5-) İşçinin En Az Altı Aylık Kıdeminin Bulunması
İş Kanunu 18. Madde gereği işe iade talebinde bulunulabilmesi için işçinin en az 6 ay kıdeme sahip olması gerekmektedir.

İş Kanunu madde 18:
Otuz veya daha fazla işçi çalıştıran işyerlerinde en az altı aylık kıdemi olan işçinin belirsiz süreli iş sözleşmesini fesheden işveren, işçinin yeterliliğinden veya davranışlarından ya da işletmenin, işyerinin veya işin gereklerinden kaynaklanan geçerli bir sebebe dayanmak zorundadır. (Ek cümle: 10/9/2014-6552/2 md.) Yer altı işlerinde çalışan işçilerde kıdem şartı aranmaz. (1)
Altı aylık kıdem hesabında bu Kanunun 66 ncı maddesindeki süreler dikkate alınır. (2)
6 aylık kıdem hesaplanırken İş Kanunu’nun Çalışma Süresinden Sayılan Haller başlıklı 66. Maddesindeki süreler dikkate alınacaktır.
6-) İş Sözleşmesinin İşveren Tarafından Geçerli Bir Neden Olmaksızın Feshedilmesi
İşe iade davasının açılabilmesinin bir diğer koşulu ve belki de en önemlisi geçerli bir neden olmaksızın iş sözleşmesinin feshedilmesidir. İşçi; istifa, haklı fesih, işverenle anlaşma vb. bir yolla iş akdini sonlandırırsa işe iade talebinde bulunamaz ve bu hakkından vazgeçmiş sayılır. İşveren işçiyi işten çıkarırken iyiniyetli olmalı ve kendisi için fesih son çare olmalıdır. İşverenin elinde fesihten başka imkanlar varsa önce bu imkanları kullanmalıdır.
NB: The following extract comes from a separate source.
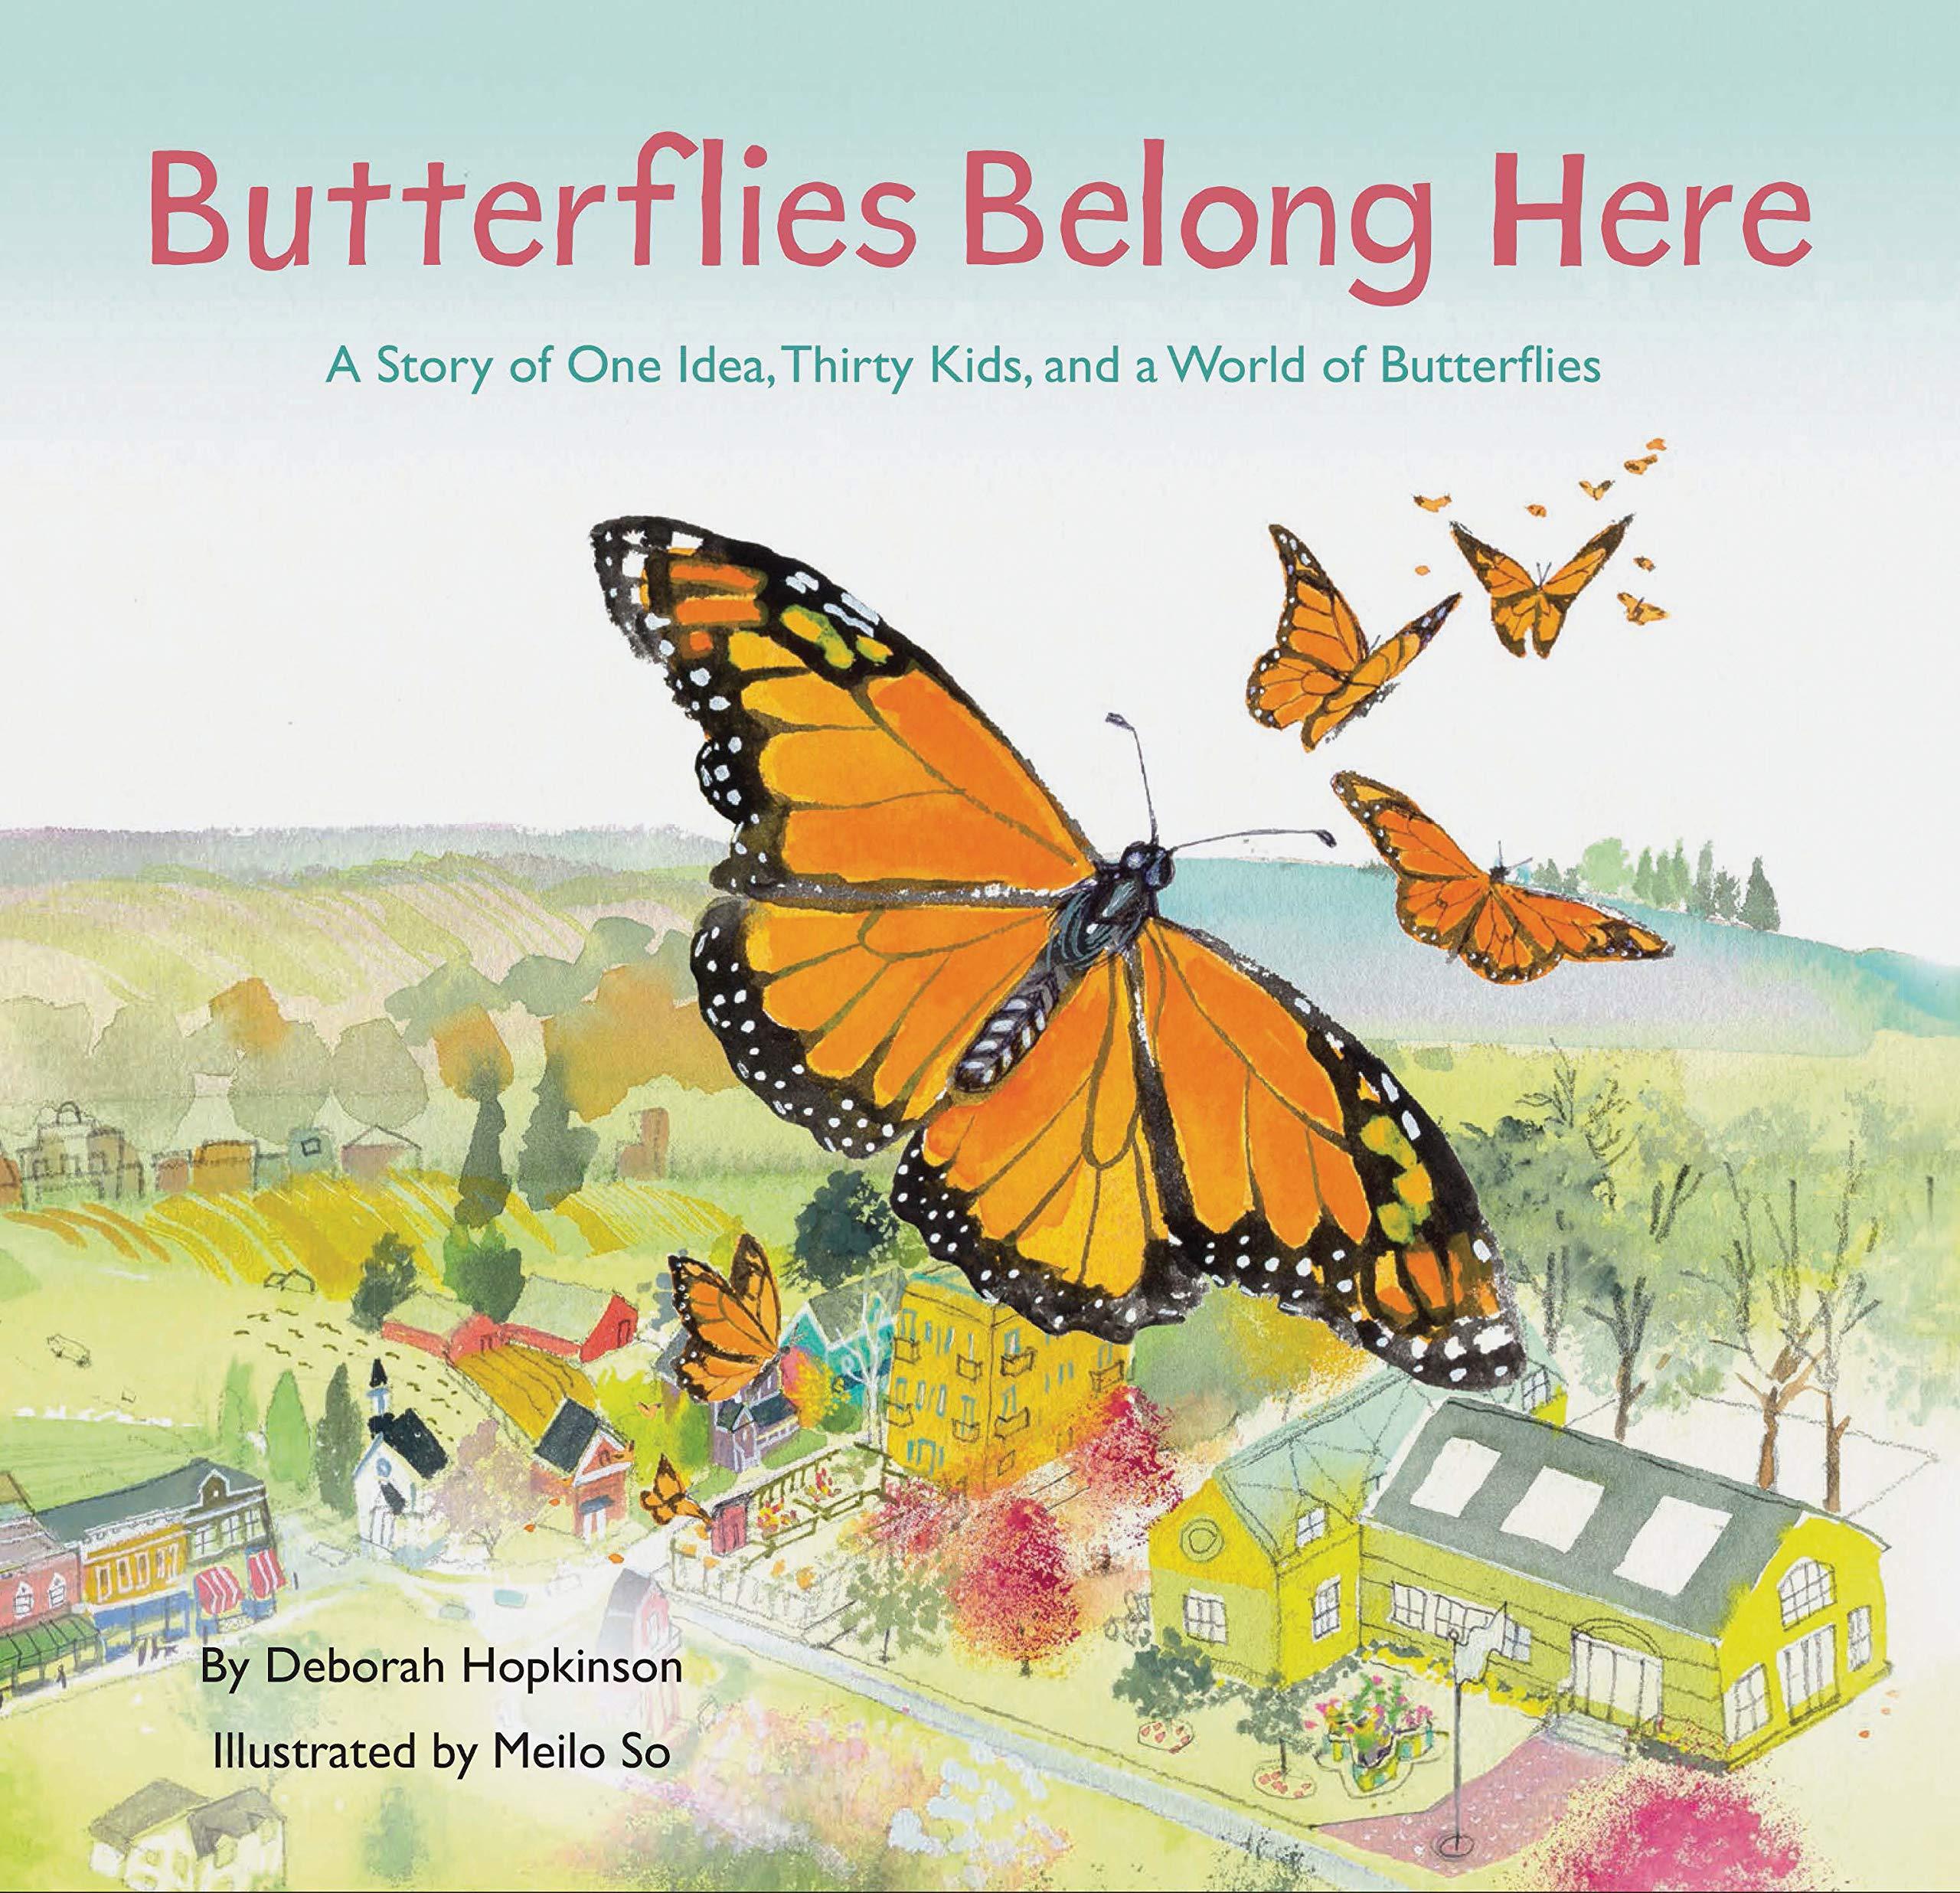 Butterflies Belong Here: A Story of One Idea, Thirty Kids, and a World of  Butterflies: Hopkinson, Deborah, So, Meilo: 9781452176802: Amazon.com: Books

Aksi halde fesih geçersiz olur ve şartları da varsa işçi işe iade davası açabilir.
Geçerli feshe örnek olarak işçinin yetersizliği, davranışları (örneğin: Performans düşüklüğü veya sürekli rapor alınması) gösterilebileceği gibi işletmenin, işyerinin, işin gerekleri (yeniden organizasyon, ekonomik nedenler, ilgili departmanın kapatılması vb. ) de örnek olarak gösterilebilir.
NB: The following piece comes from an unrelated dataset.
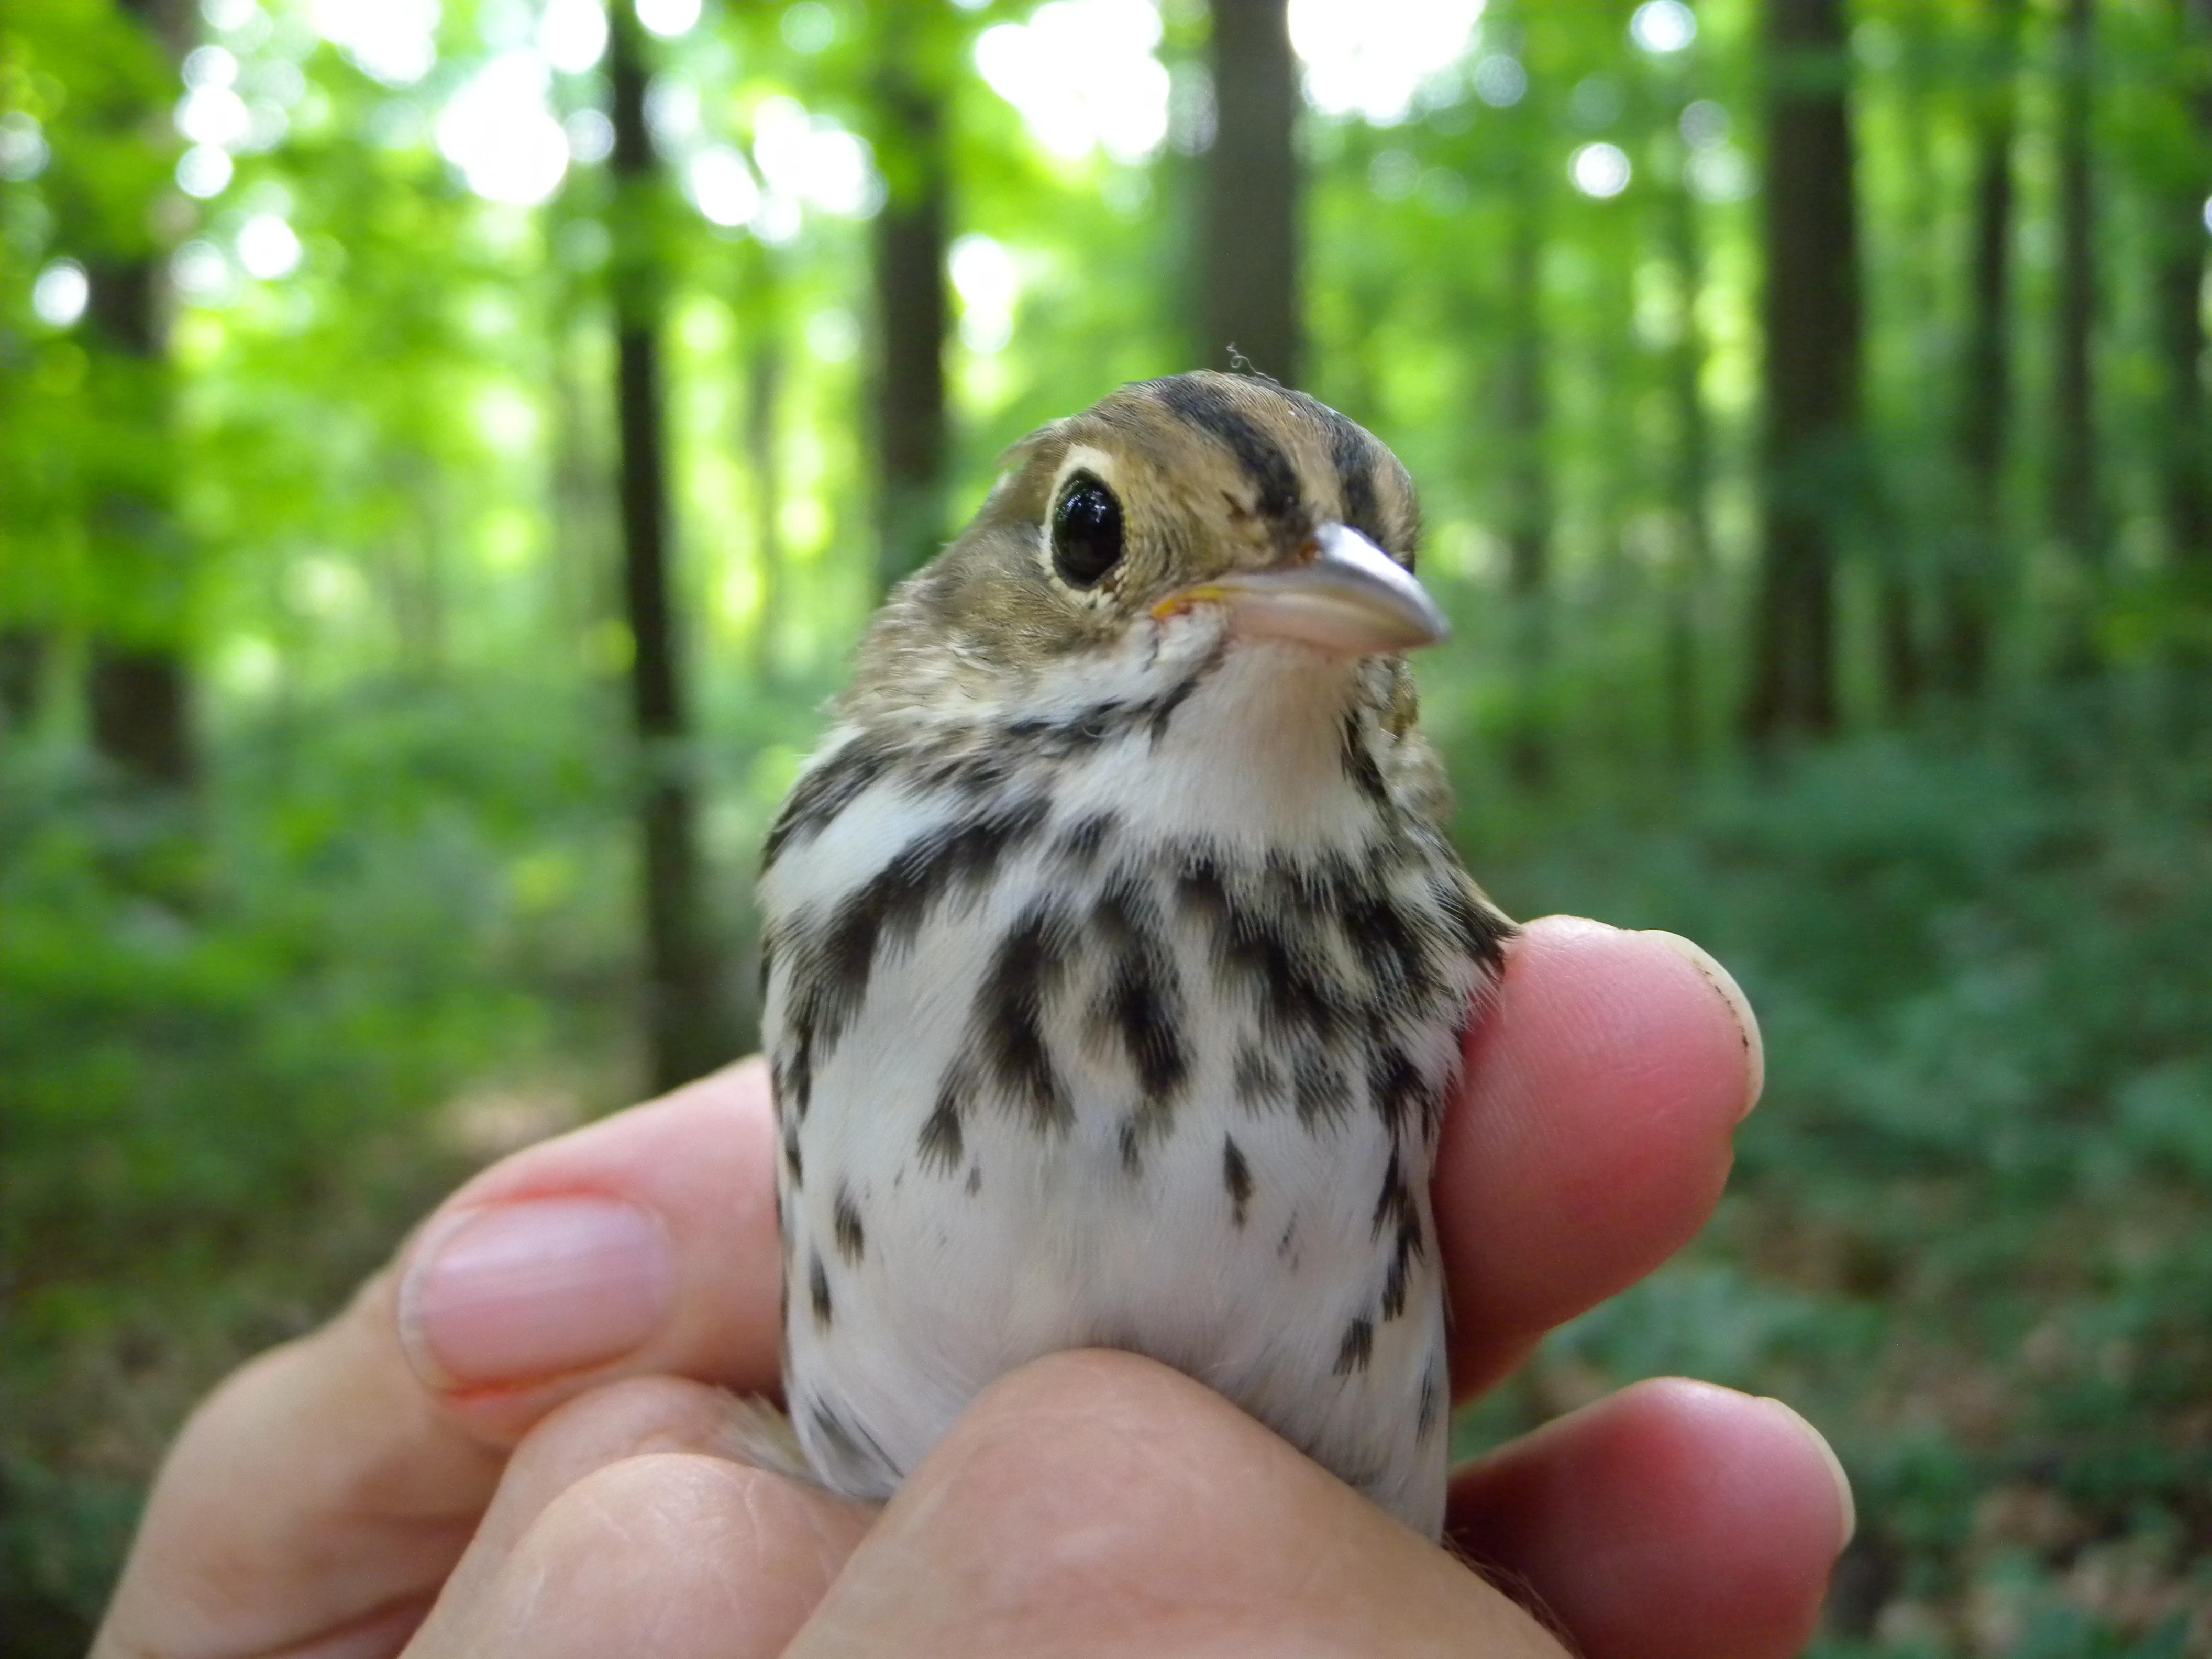 Juvenile Ovenbird in Rushton Woods. Photo by Blake Goll.

İş kanunu madde 18’ de hangi hallerin geçersiz olacağı örnekleme yoluyla sayılmıştır.
a) Sendika üyeliği veya çalışma saatleri dışında veya işverenin rızası ile çalışma saatleri içinde sendikal faaliyetlere katılmak.
b) İşyeri sendika temsilciliği yapmak.
c) Mevzuattan veya sözleşmeden doğan haklarını takip veya yükümlülüklerini yerine getirmek için işveren aleyhine idari veya adli makamlara başvurmak veya bu hususta başlatılmış sürece katılmak.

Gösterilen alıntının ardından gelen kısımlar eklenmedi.